**COLLECTED MATERIAL**
-----

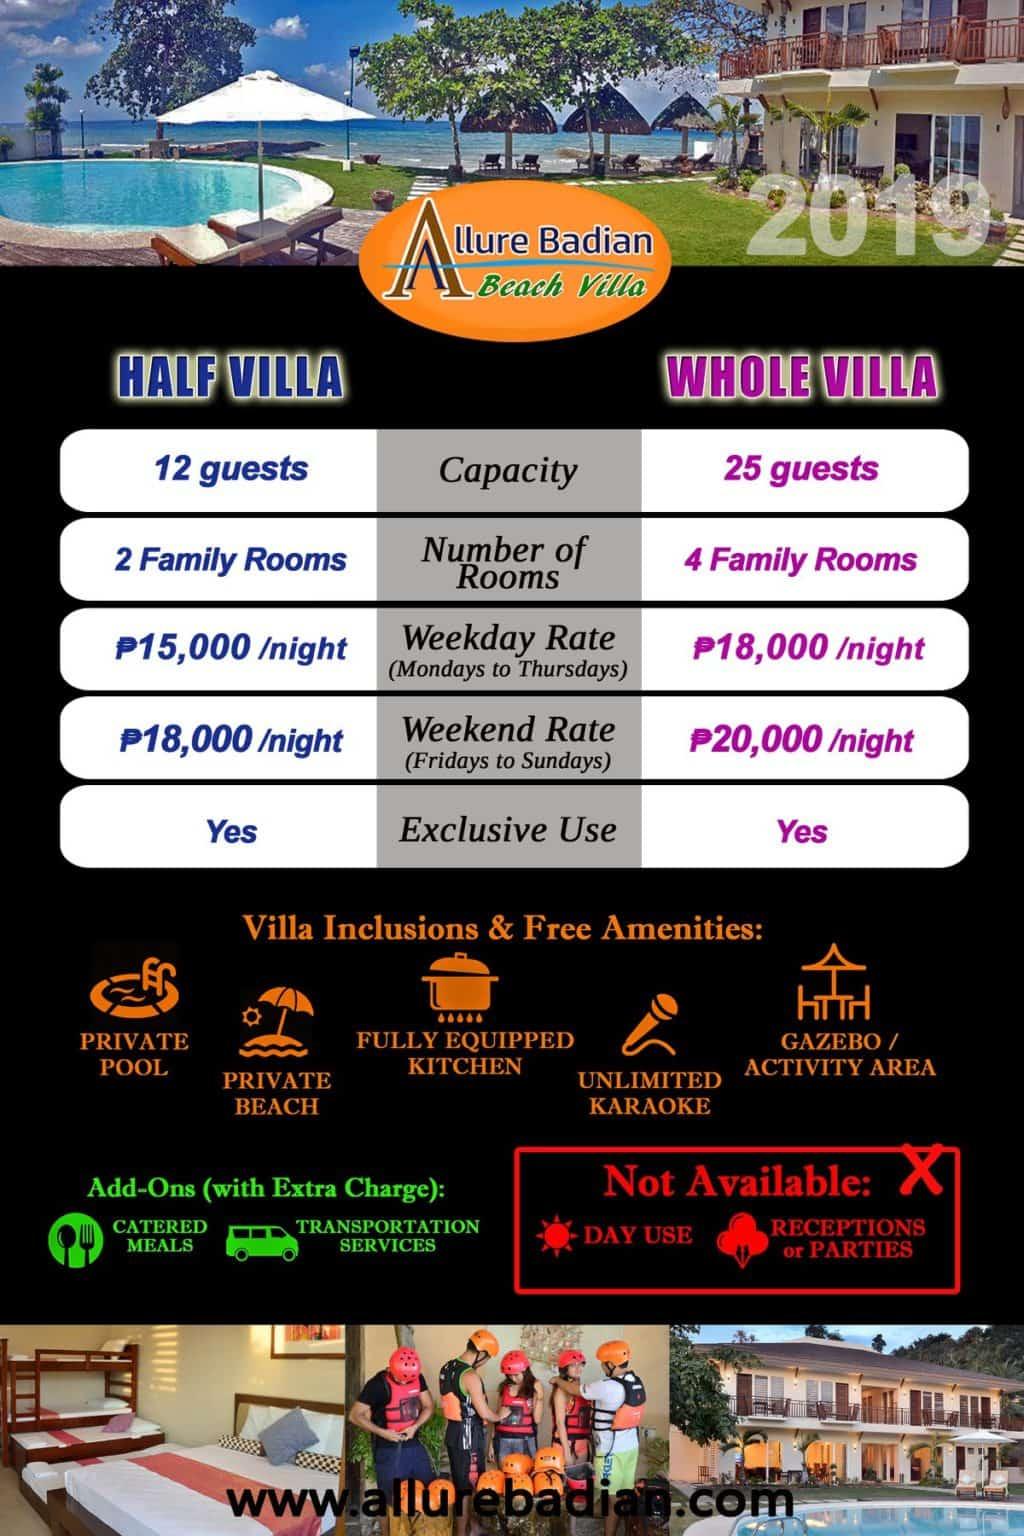 Allure Badian Beach Villa Resort - Rates
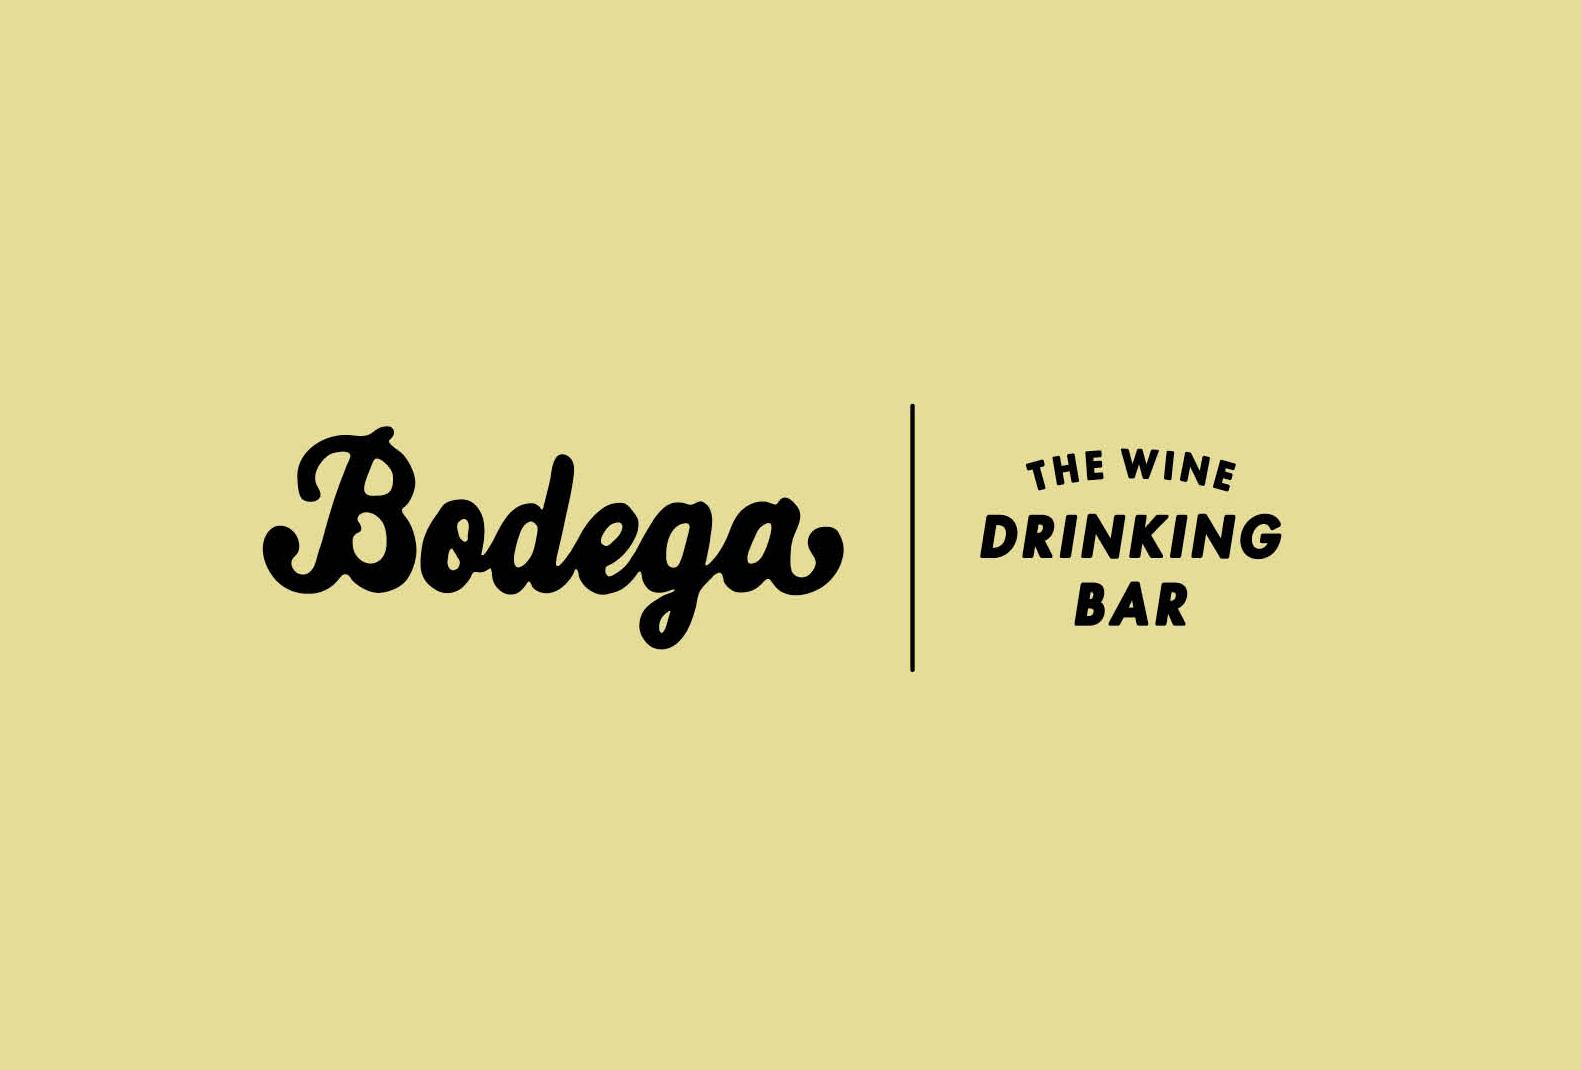 Bodega-Wine-Bar_Ben-Biondo.jpg
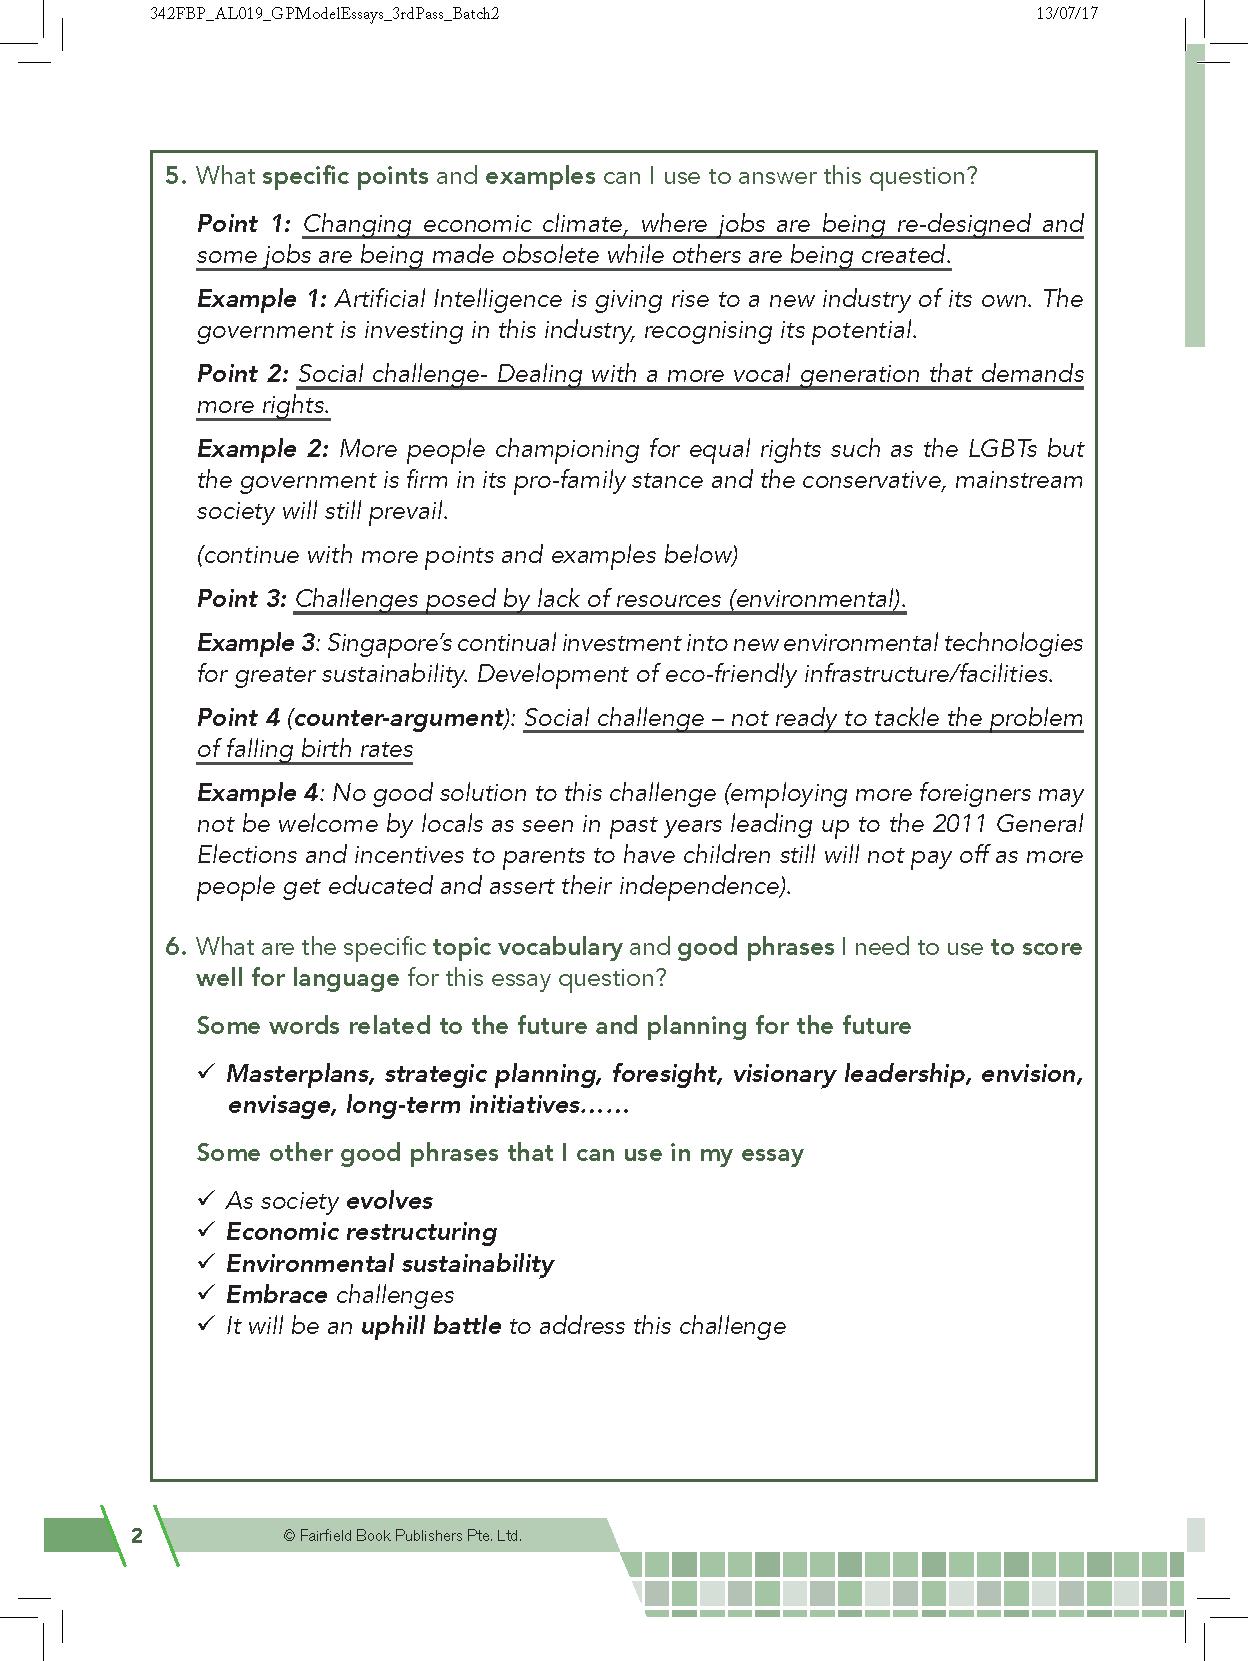 Qualitative dissertation chapter 5

-----

**EXERCISE DESCRIPTION**
Reproduce the listing exactly. Do not include its images.

**SOLUTION FOR THIS TASK**
 Allure Badian Beach Villa Resort - Rates
 Bodega-Wine-Bar_Ben-Biondo.jpg
 Qualitative dissertation chapter 5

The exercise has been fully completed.